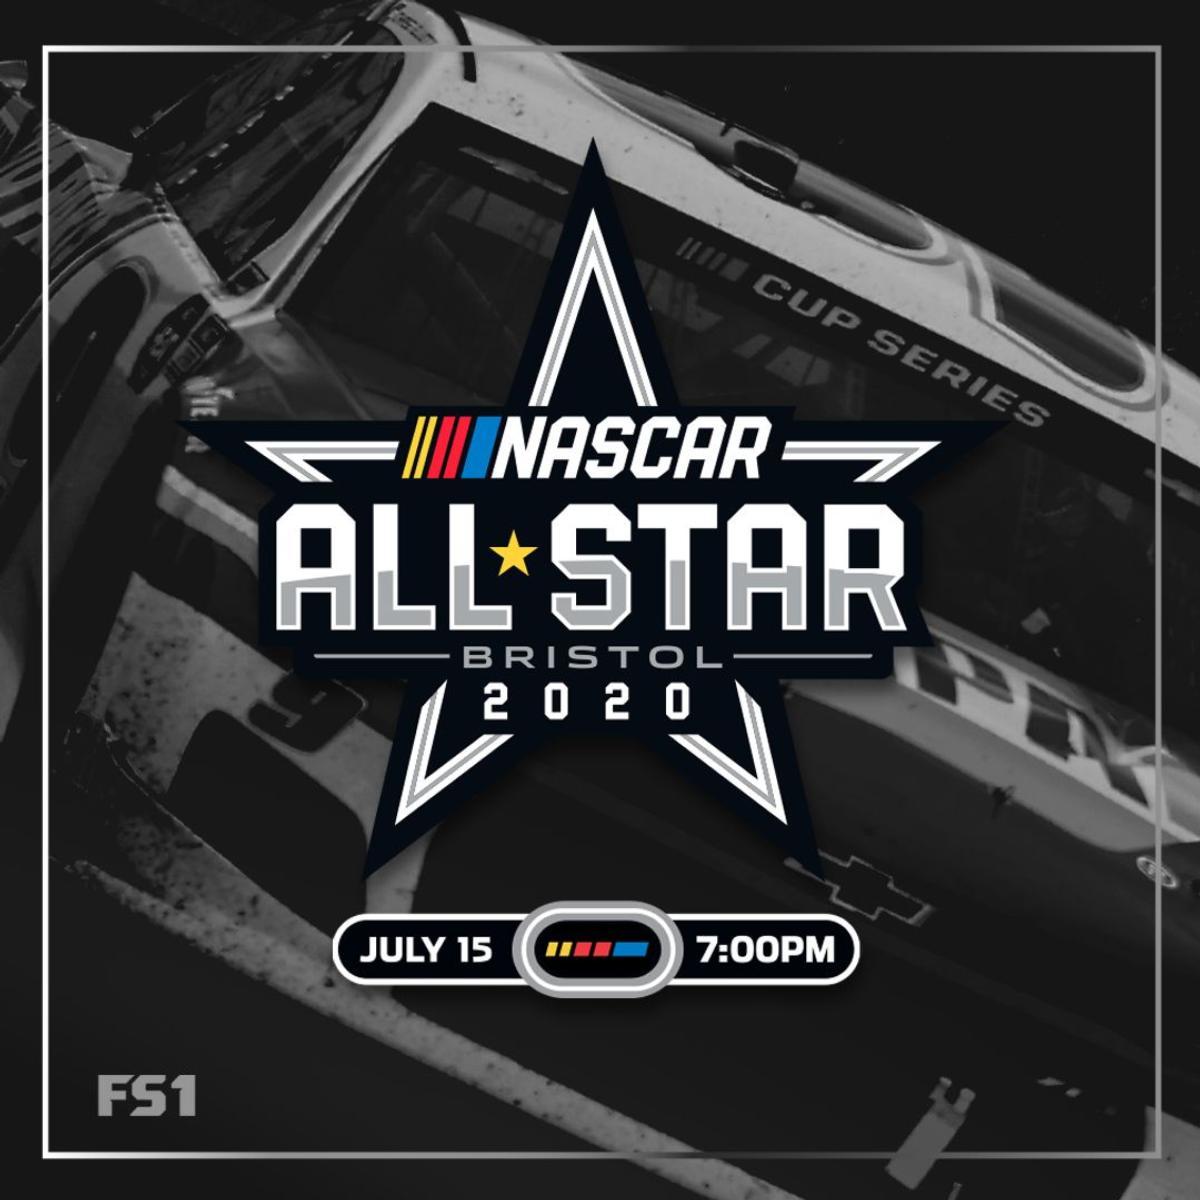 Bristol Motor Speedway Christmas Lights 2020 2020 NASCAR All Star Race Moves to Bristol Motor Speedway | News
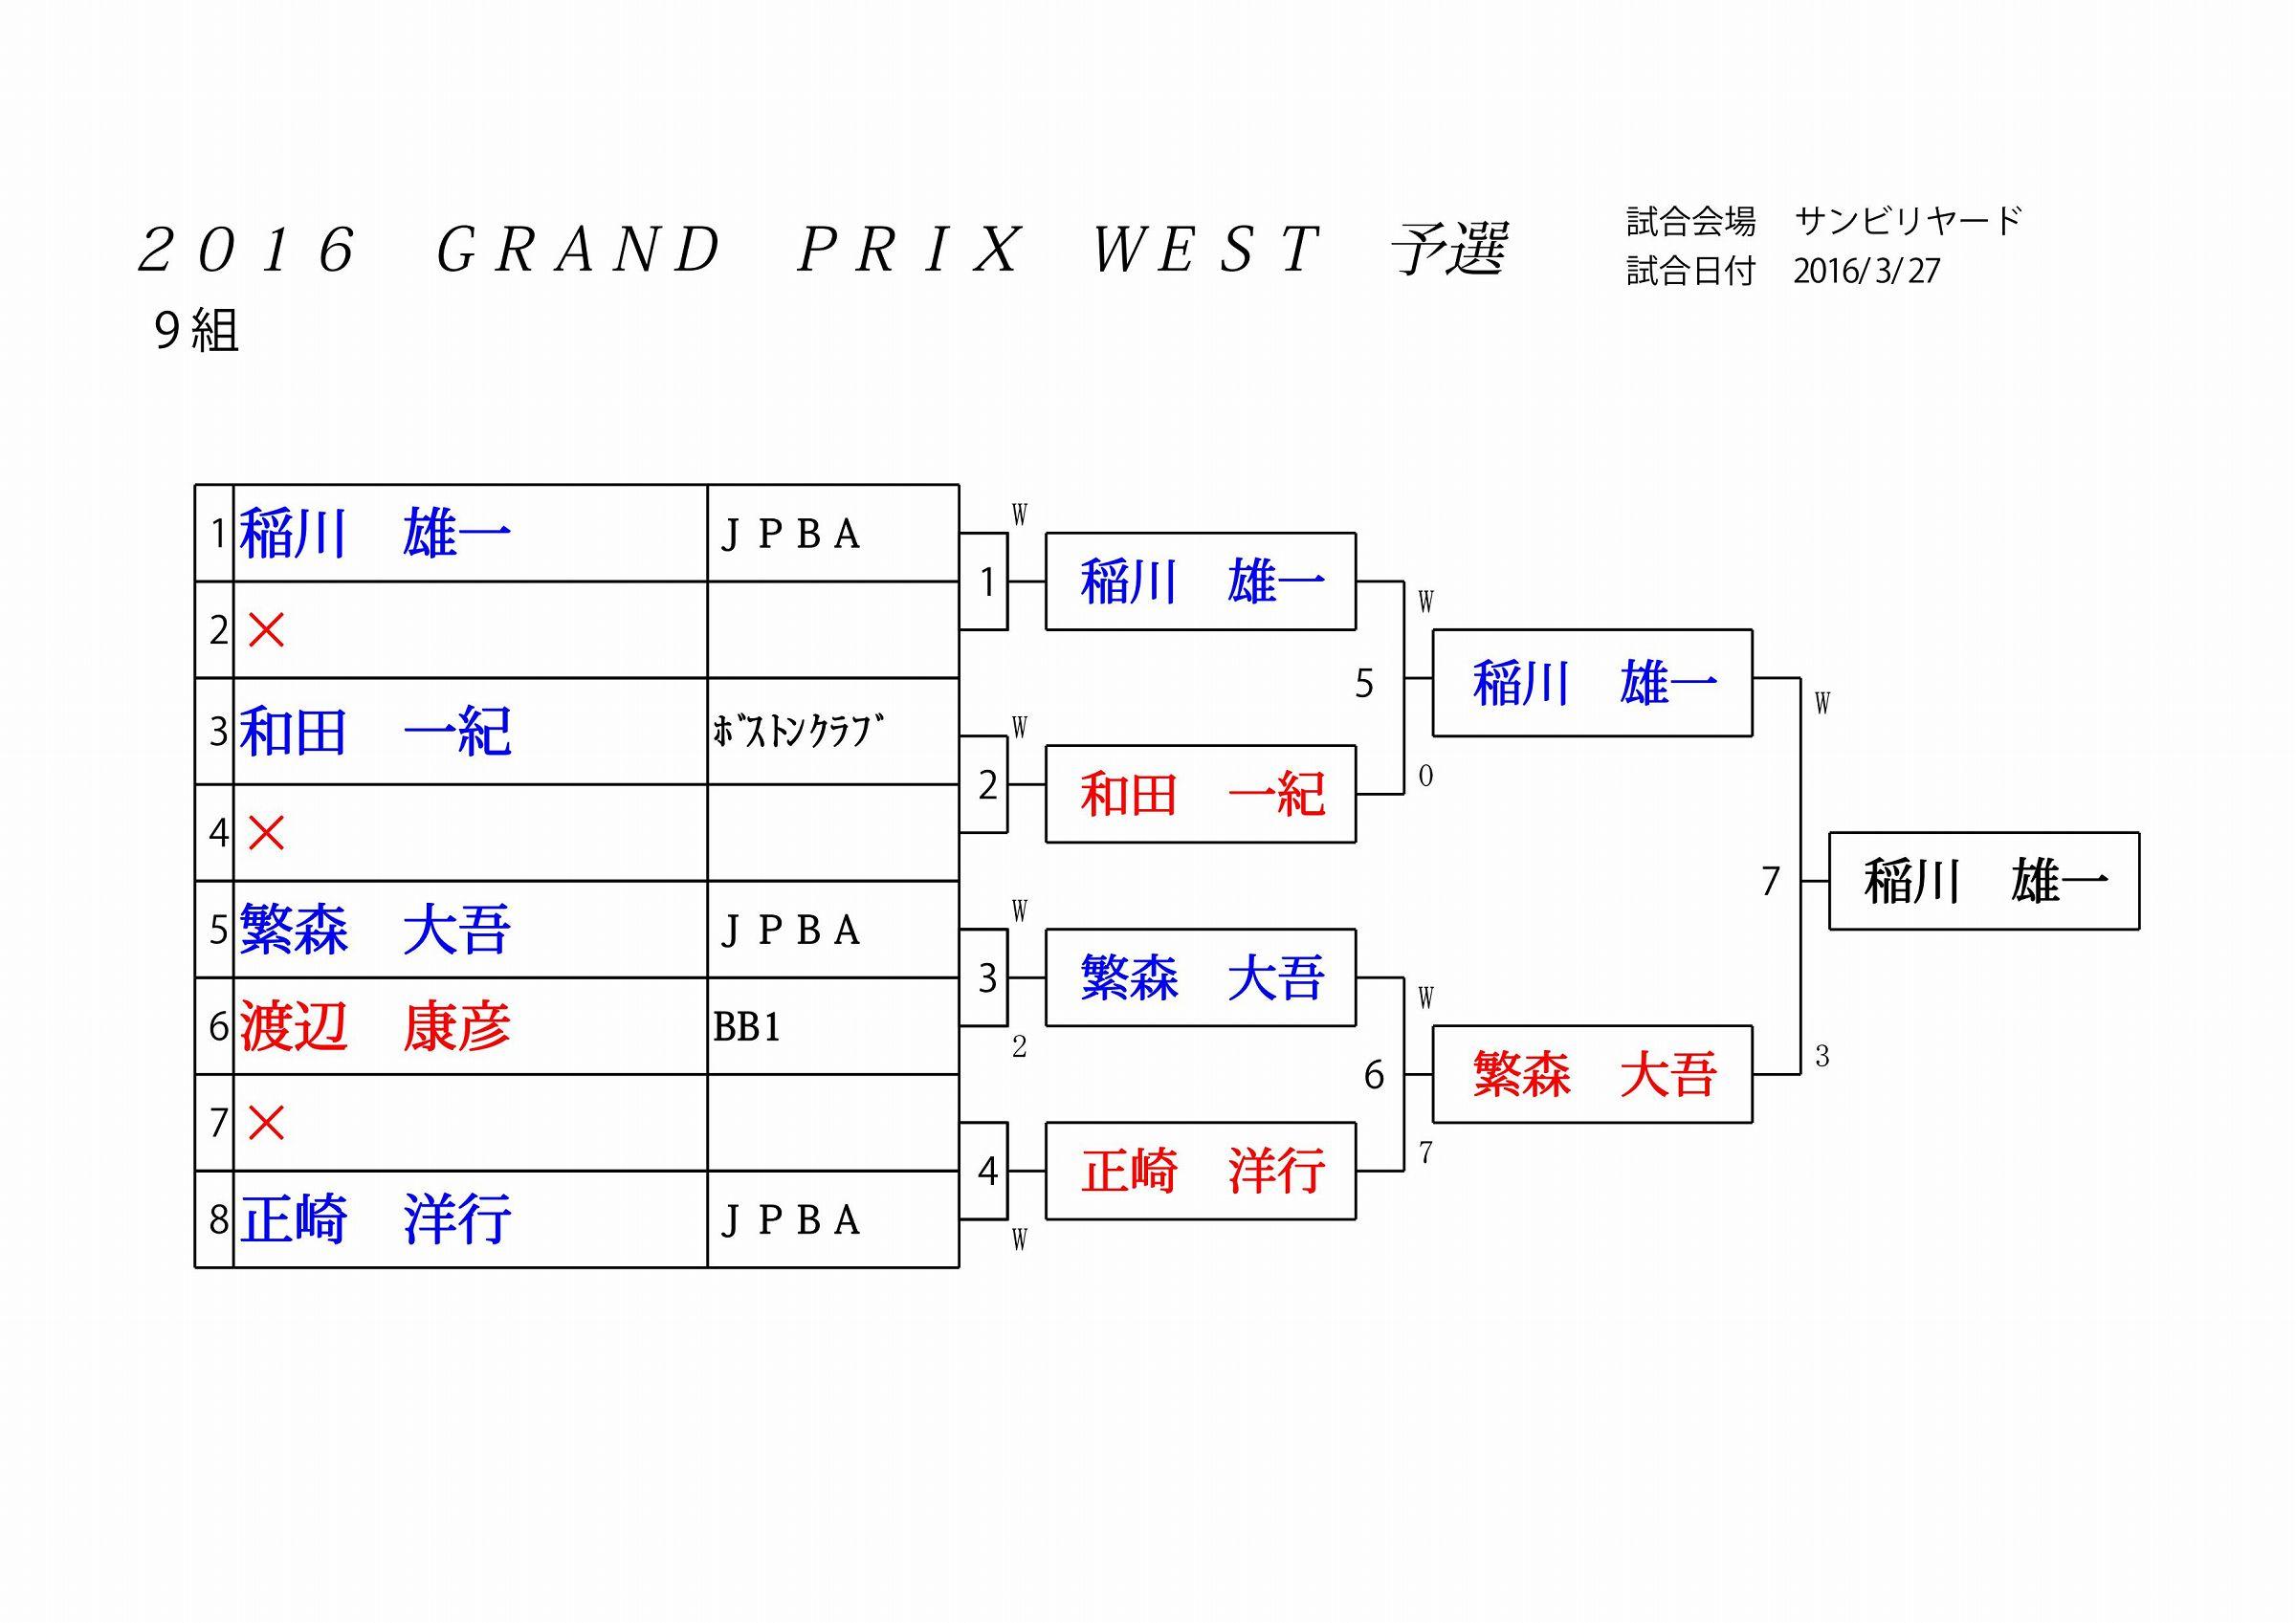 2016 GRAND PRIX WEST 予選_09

□ □ □

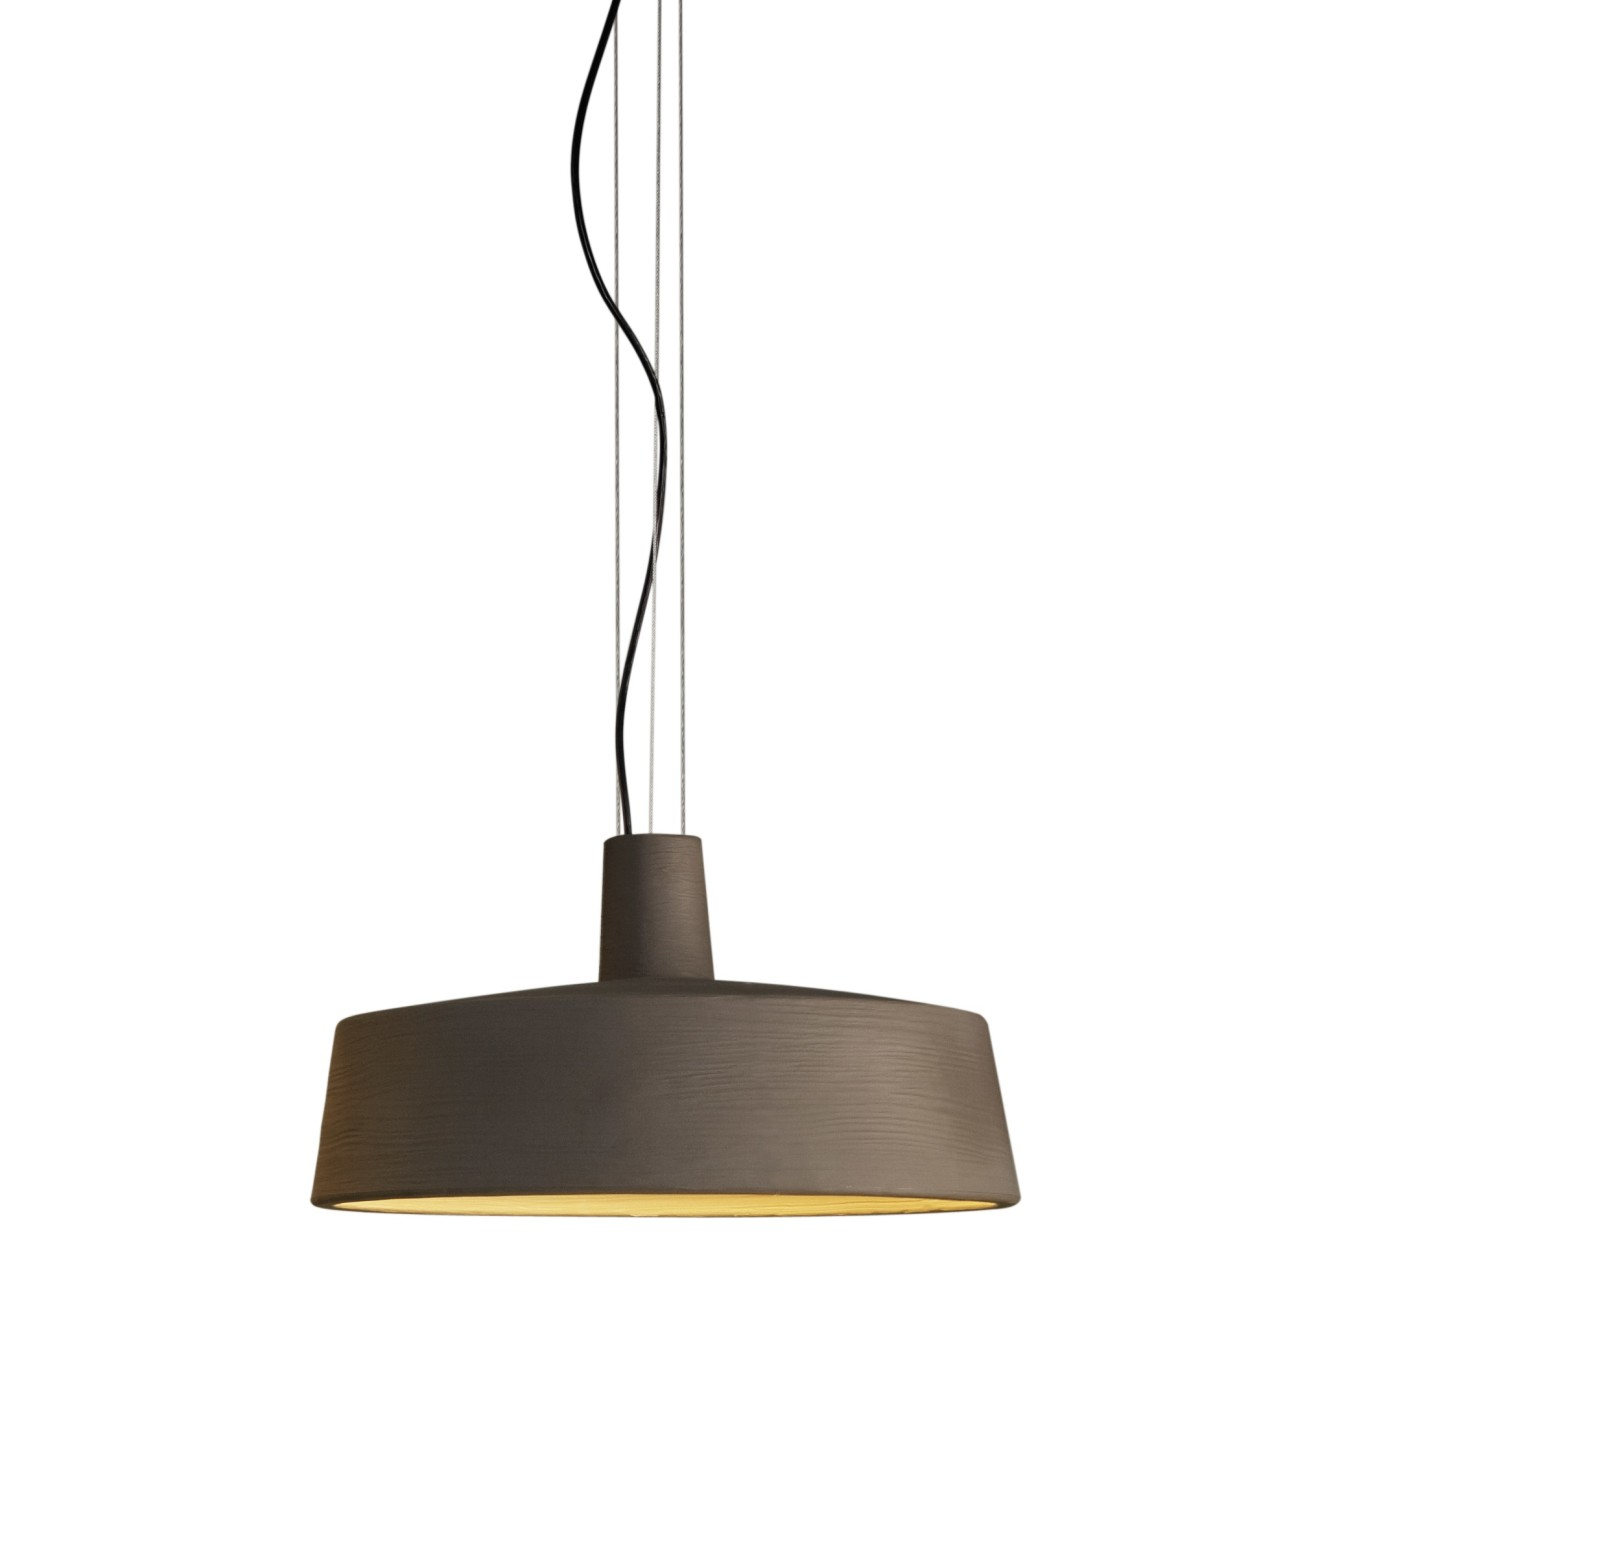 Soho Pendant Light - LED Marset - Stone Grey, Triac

□ □ □

→ What is being asked: Within the material above, only the stretch from the line holding "Bristol Motor Speedway Christmas" through the line holding "2016 GRAND PRIX WEST 予選_09" is to be restated exactly. Pictures are dropped.

→ Exercise output:
 Bristol Motor Speedway Christmas Lights 2020 2020 NASCAR All Star Race Moves to Bristol Motor Speedway | News
 2016 GRAND PRIX WEST 予選_09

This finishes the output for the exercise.